Background: Generating a Change Log
Usually, users need a first-rate changelog to recognize whether or no longer to make a new version. I preferred the idea. However, I didn’t like more problem of writing it. I determined to percentage the trouble with pulling the changelog from the git records, thereby making it everyone’s task. I determined that most of the commits were too low stage to encompass; however, pull requests typically offer useful facts. With Github’s default remark, I should hyperlink lower back to the pull request from a changelog.

For implementation, I decided that it’d be simplest to parse the output of the git log with parser combinators and rework it to HTML. You can see my implementation here.

Generating the changelog become excellent, but I had to add it someplace. I decided AWS S3 would do, as you could store static files there cost-effectively and serve them over HTTP.

I determined a sbt-s3 plugin at https://github.Com/sbt/sbt-s3 and determined to use that for my plugin.

Step four: Configuring the sbt-sonatype-launch plugin
Firstly, edit your project/plugins.Sbt and add this line:

addSbtPlugin(“com.Gu” % “sbt-sonatype-launch” % “1.Zero”)
Next edit your construct.Sbt to configure the plugin:

lazy val root = (project in file(“.”)).EnablePlugins(ShipAutoPlugin)

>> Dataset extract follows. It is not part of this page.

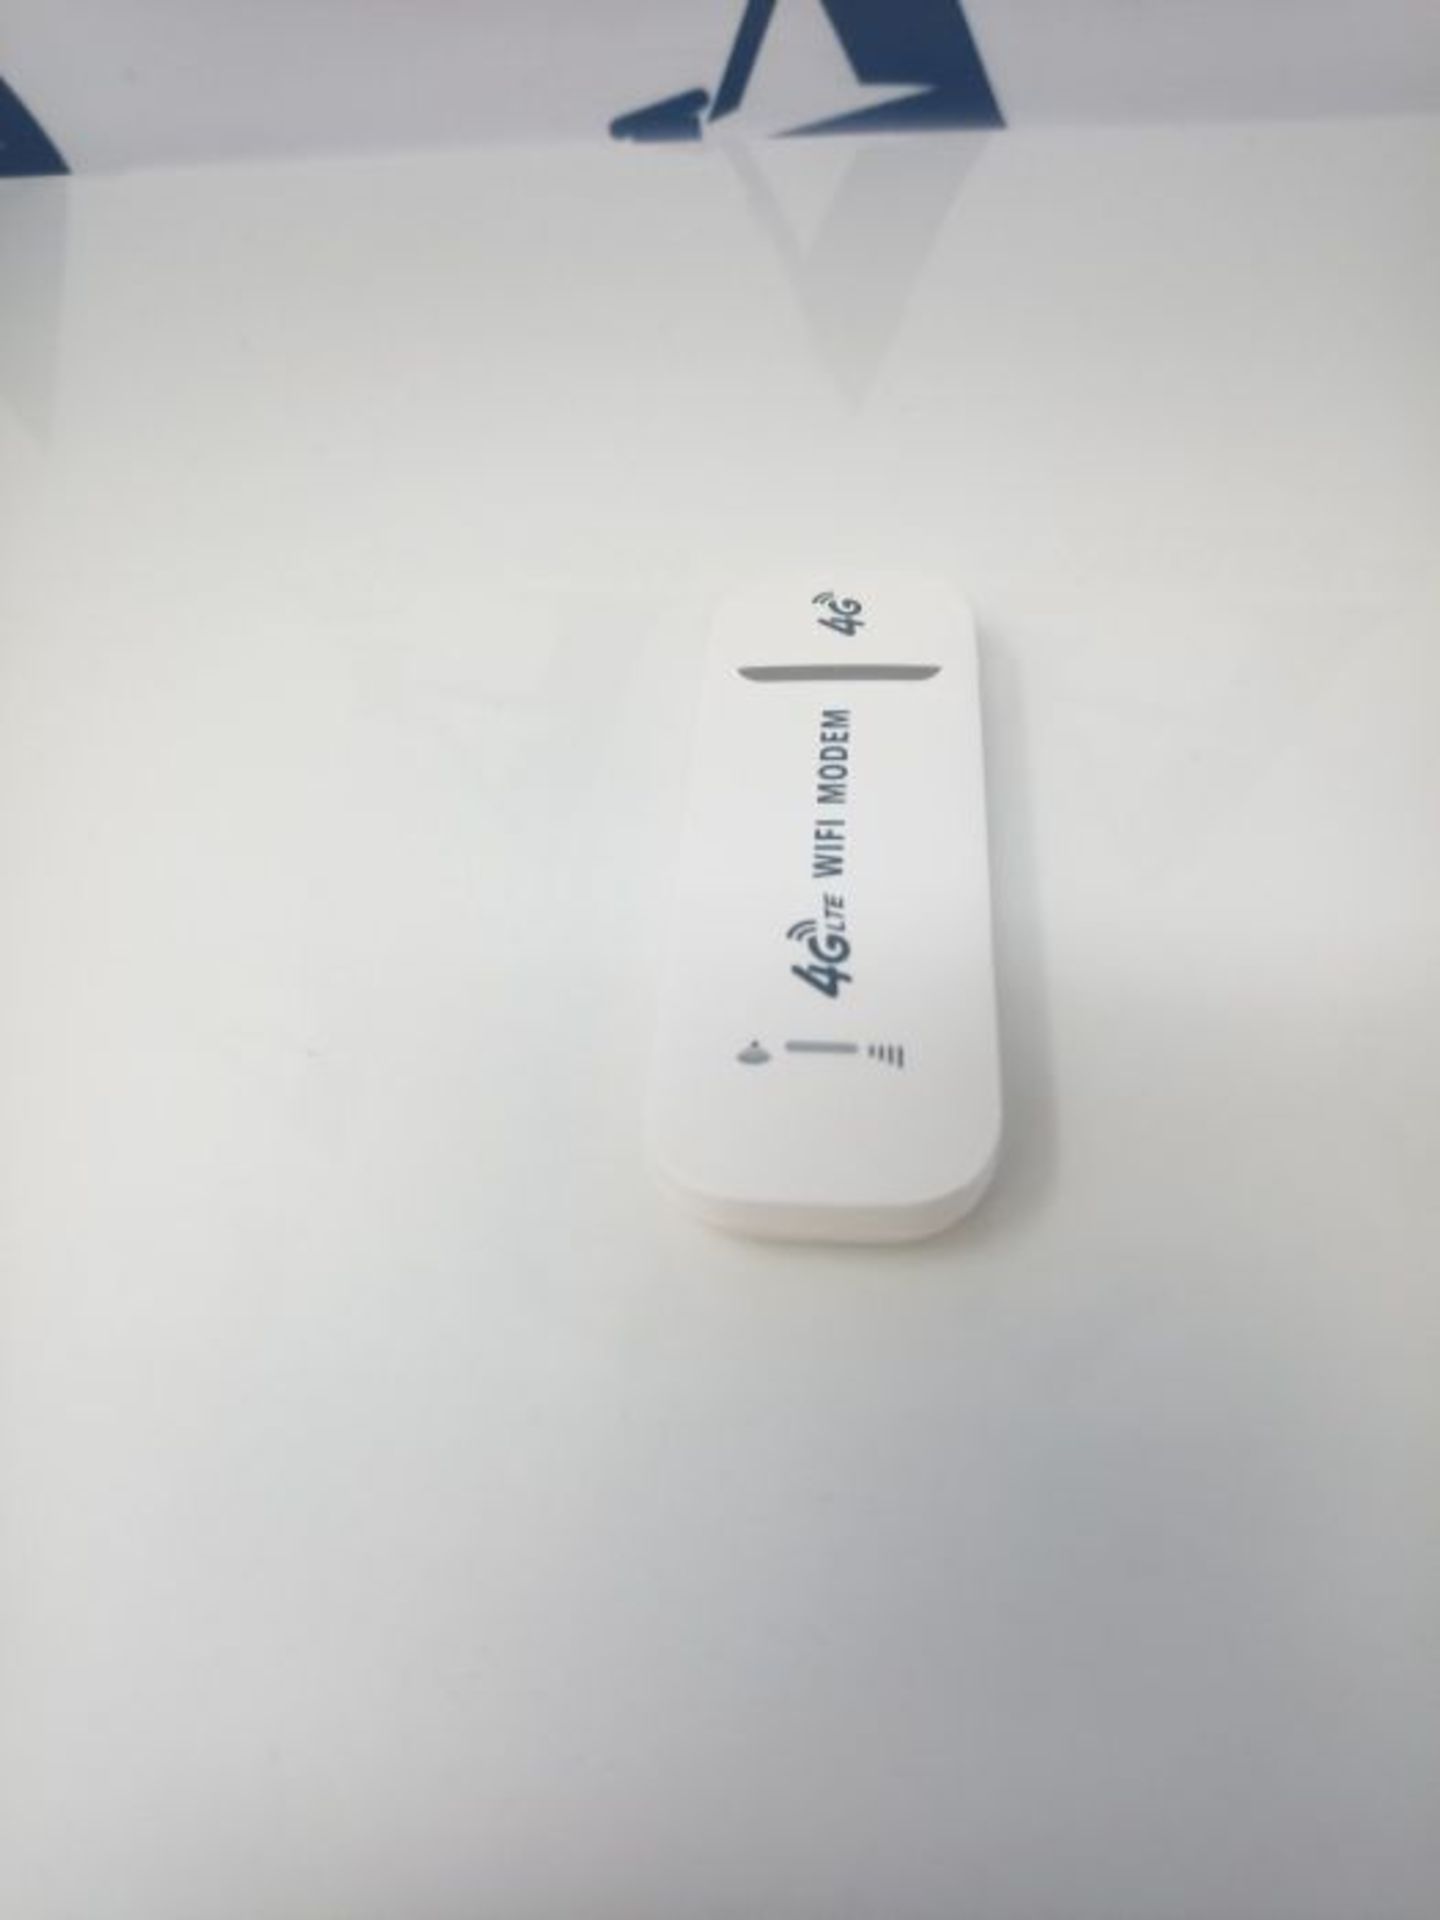 GCDN ClÃ© USB LTE / 4G 150 Mbps avec fente pour carte SIM Hotspot Wi-Fi, Modem USB L - Image 2 of 2

pgpSecretRing := report(“neighborhood.Secring.Gpg”)

pgpPublicRing := document(“neighborhood.Pubring.Gpg”)

mappings in add ++= Seq((new java.Io.File(“medical doctors/changelog.Css”),”changelog.Css”))

host in upload := “YOUR_S3_BUCKET.S3.Amazonaws.Com”
Finally, ensure your .Travis.Yml runs the sbt-sonatype-release goal:

script: sbt testAndOptionallyShip
Step 5: Kicking off a Release
Since Travis is driven from GitHub, we need to indicate inside the repo whilst we want a brand new launch. So tSo the cleanest workflow is to tag grasp with the model variety we need to launch, then the build can do a little extra step to do the release.

To kick off a release – in this situation, v1.Zero – run the subsequent two instructions:

git tag -a v1.Zero -m “new edition shipped.”
git push origin v1.Zero
Check Travis CI to monitor your construct. Once it has been completed, your artifacts should be available.


We have installed an SBT challenge to deliver to Maven Central and save a changelog to AWS using the site-sonatype-release plugin. So nSo now, whenever the grasp department is tagged vN.NN, a new edition, will mechanically ship.